From mboxrd@z Thu Jan  1 00:00:00 1970
From: catalin.marinas@arm.com (Catalin Marinas)
Date: Tue, 17 Jan 2012 11:32:23 +0000
Subject: [RFC PATCH] ARM: new architecture for Energy Micro's EFM32
 Cortex-M3 SoCs
In-Reply-To: <20120116190637.GE32049@n2100.arm.linux.org.uk>
References: <1324480428-13344-1-git-send-email-u.kleine-koenig@pengutronix.de>
 <CADMYwHzE0HeBKjA55ApQo0k5AW8+Za3kT8u5HnMorXEk4PQxjA@mail.gmail.com>
 <20120116162933.GG14252@pengutronix.de>
 <20120116174039.GD32049@n2100.arm.linux.org.uk>
 <20120116181002.GC12267@arm.com>
 <20120116190637.GE32049@n2100.arm.linux.org.uk>
Message-ID: <20120117113222.GA11475@arm.com>
To: linux-arm-kernel@lists.infradead.org
List-Id: linux-arm-kernel.lists.infradead.org

On Mon, Jan 16, 2012 at 07:06:37PM +0000, Russell King - ARM Linux wrote:
> On Mon, Jan 16, 2012 at 06:10:02PM +0000, Catalin Marinas wrote:
> > On Mon, Jan 16, 2012 at 05:40:39PM +0000, Russell King - ARM Linux wrote:
> > > The VFP stuff - adding 'clean' which is kernel state to the _user_
> > > _exported_ VFP hardware structure is a bad idea.  So this needlessly
> > > causes a variation in the kernels userspace API.  Please find somewhere
> > > else to keep kernel internal state.  (As that patch comes from Catalin,
> > > then that comment is directed to Catalin.)
> > 
> > Are you sure we export vfp_hard_struct to user? That's a kernel-only
> > structure (and it's not by any means stable, given the number of
> > #ifdef's it has). I would also argue that 'clean' is a hardware state
> > (inferred from the exception return value).
> 
> Actually, looking at arch/arm/kernel/ptrace.c, we only export the
> fpregs and fpscr, so this should be fine.
> 
> Still, I don't see why we need this 'clean' state, when normal VFP
> doesn't need it.  Maybe you could explain why it's necessary?

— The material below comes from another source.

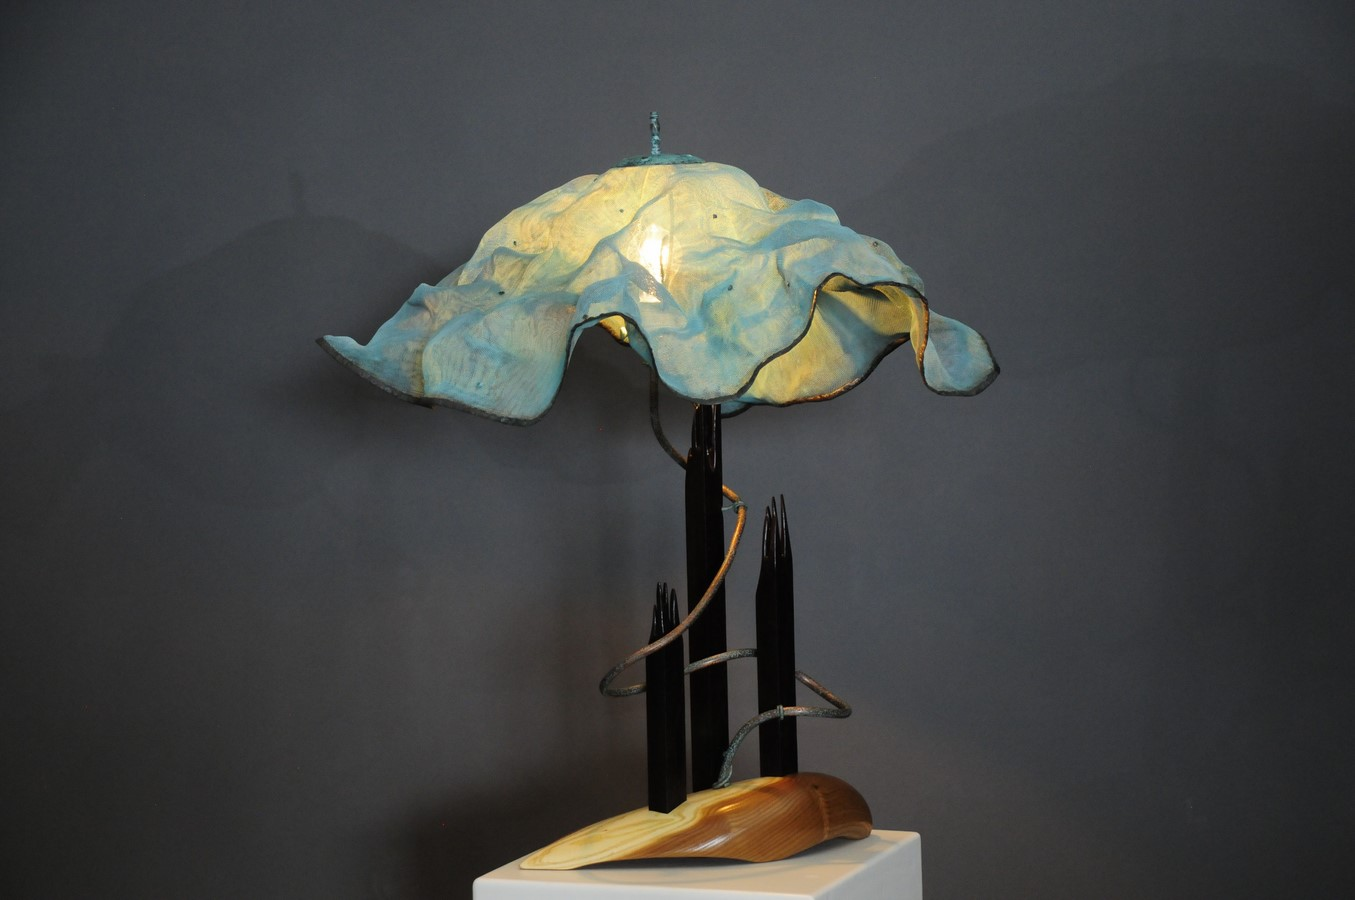 Free Falling - a lamp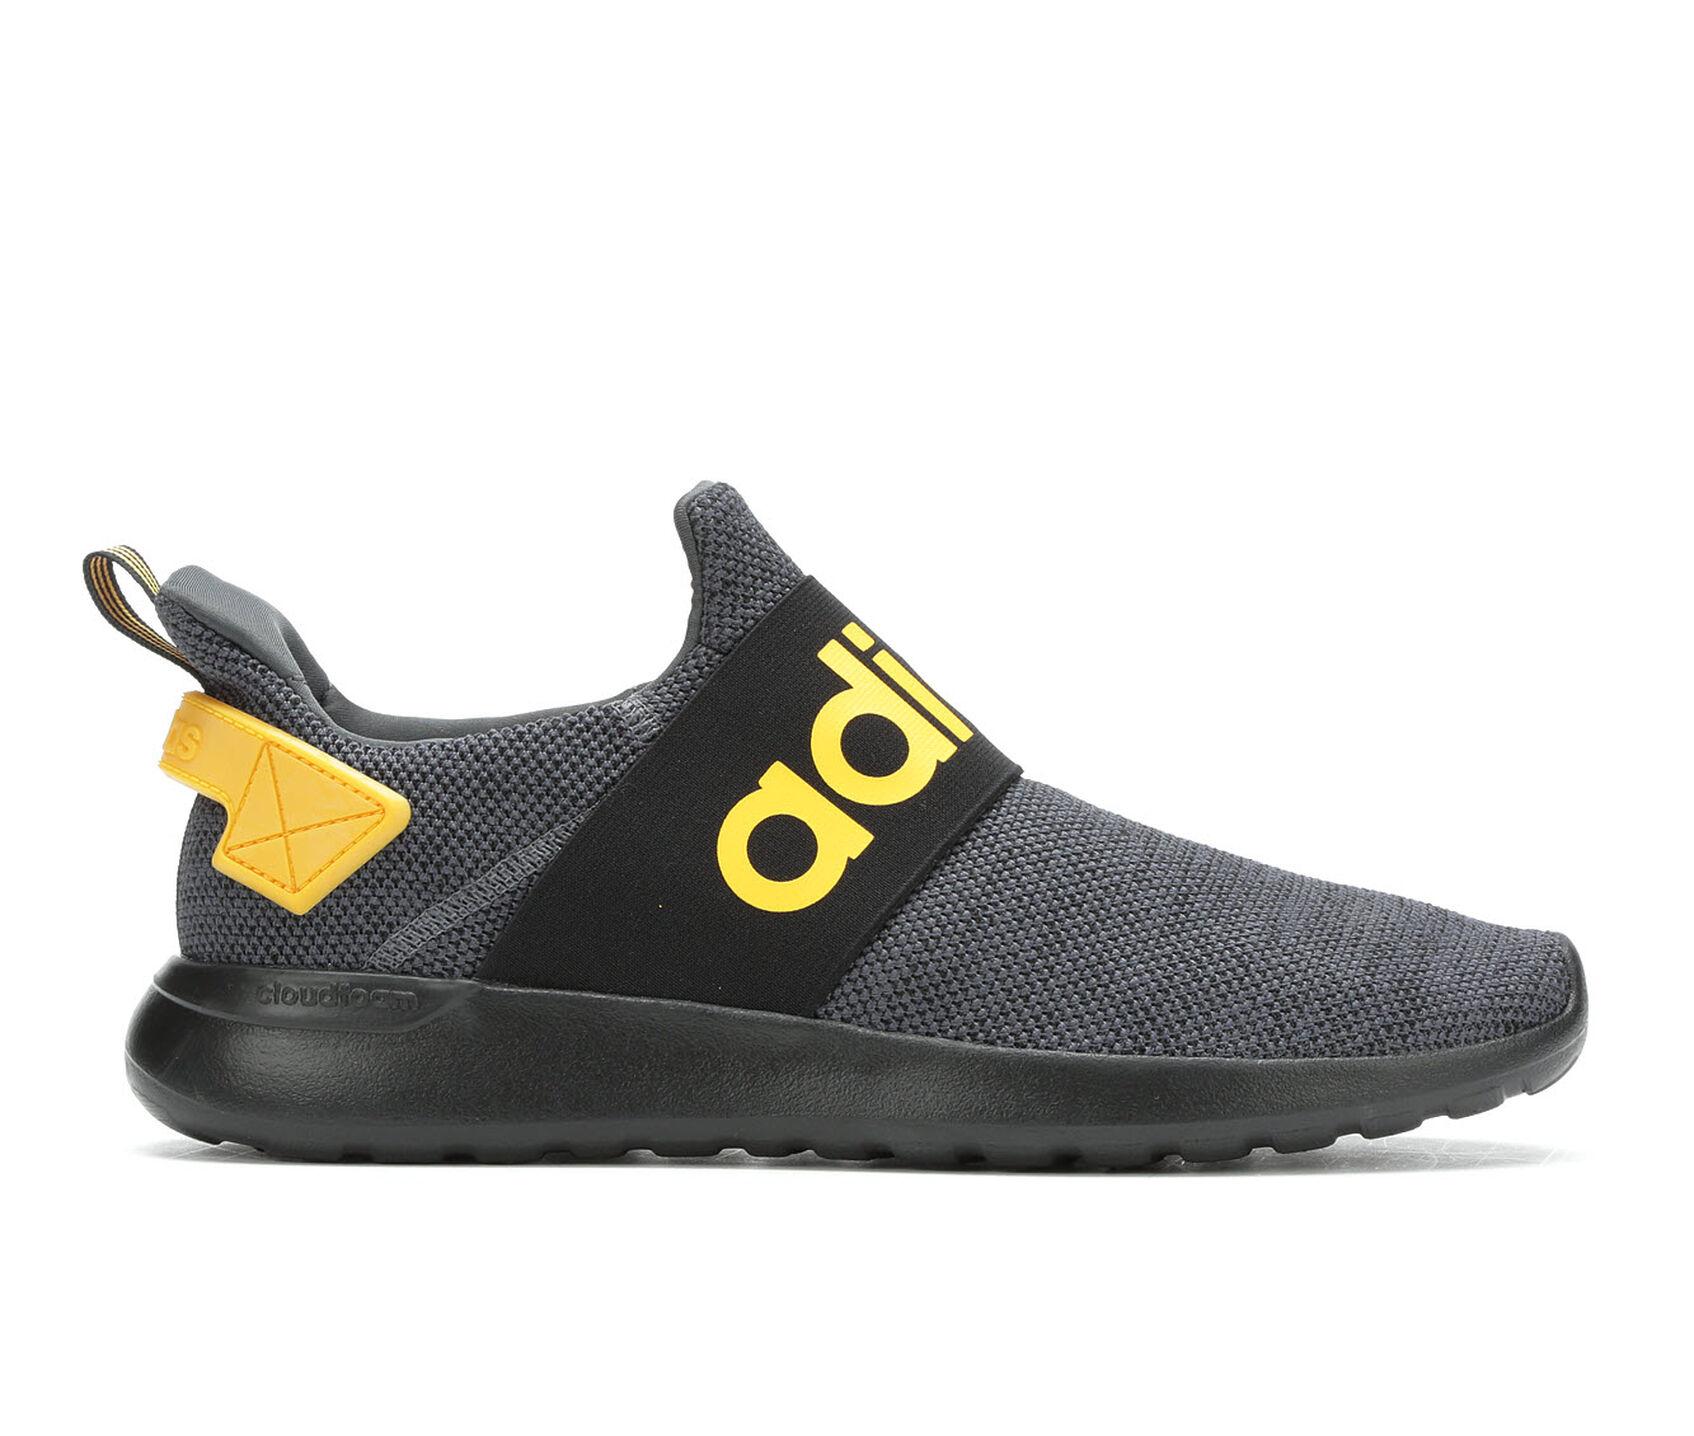 size 40 0ad73 9d4dd Men's Adidas Cloudfoam Lite Racer Adapt Sneakers

The FP support on the M profile is a bit different (in terms of control
registers) from the A/R profiles. The M profile has built-in knowledge
of the AAPCS for automatically preservation of certain registers during
exceptions and it can also do lazy saving of the S0-S15 FP registers.
In general the M processors are meant to be simpler to use without a
complex OS (especially if thread switching is done synchronously at SVC
time rather than during interrupts).

For example, when user space gets an exception, the M core saves R0-R3,
R12, LR, PC, xPSR on the user stack automatically. It also preserves
space for S0-S15 and FPSCR but does not save them (it remembers the
address though for lazy saving if new thread uses the FP). If another
thread tries to use the FP for the first time, it saves the old FP state
and initialises a new one for the current thread automatically. But once
a thread touched the FP, its state is no longer 'clean' and it is
automatically loaded (non-lazily) from the stack when switching to such
thread while saving the old one on the previous stack. When switching
between two threads that have never used the FP, the processor does not
do any FP state switching.

However, it does not save S16-S31 as the AAPCS specifies that they are
caller-saved. Linux needs to do this and it uses the 'clean' state to
detect whether a thread used the FP or not. The disadvantage is that if
a thread ever used FP, its state is always saved/restored at context
switch.

Of course, we can change all this and disable the hardware automatic
saving while implementing a pure software lazy switching solution using
the CPACR (there is no FPEXC). But at the time this was the simplest
implementation, given that Cortex-M3 doesn't even have an FP unit (it
came with Cortex-M4) and most M3 software around didn't touch the FP at
all.

BTW, if you are fine with trying to get the M support into mainline, I'm
happy to revisit the code (probably with Uwe's help given that I don't
have much time available).

-- 
Catalin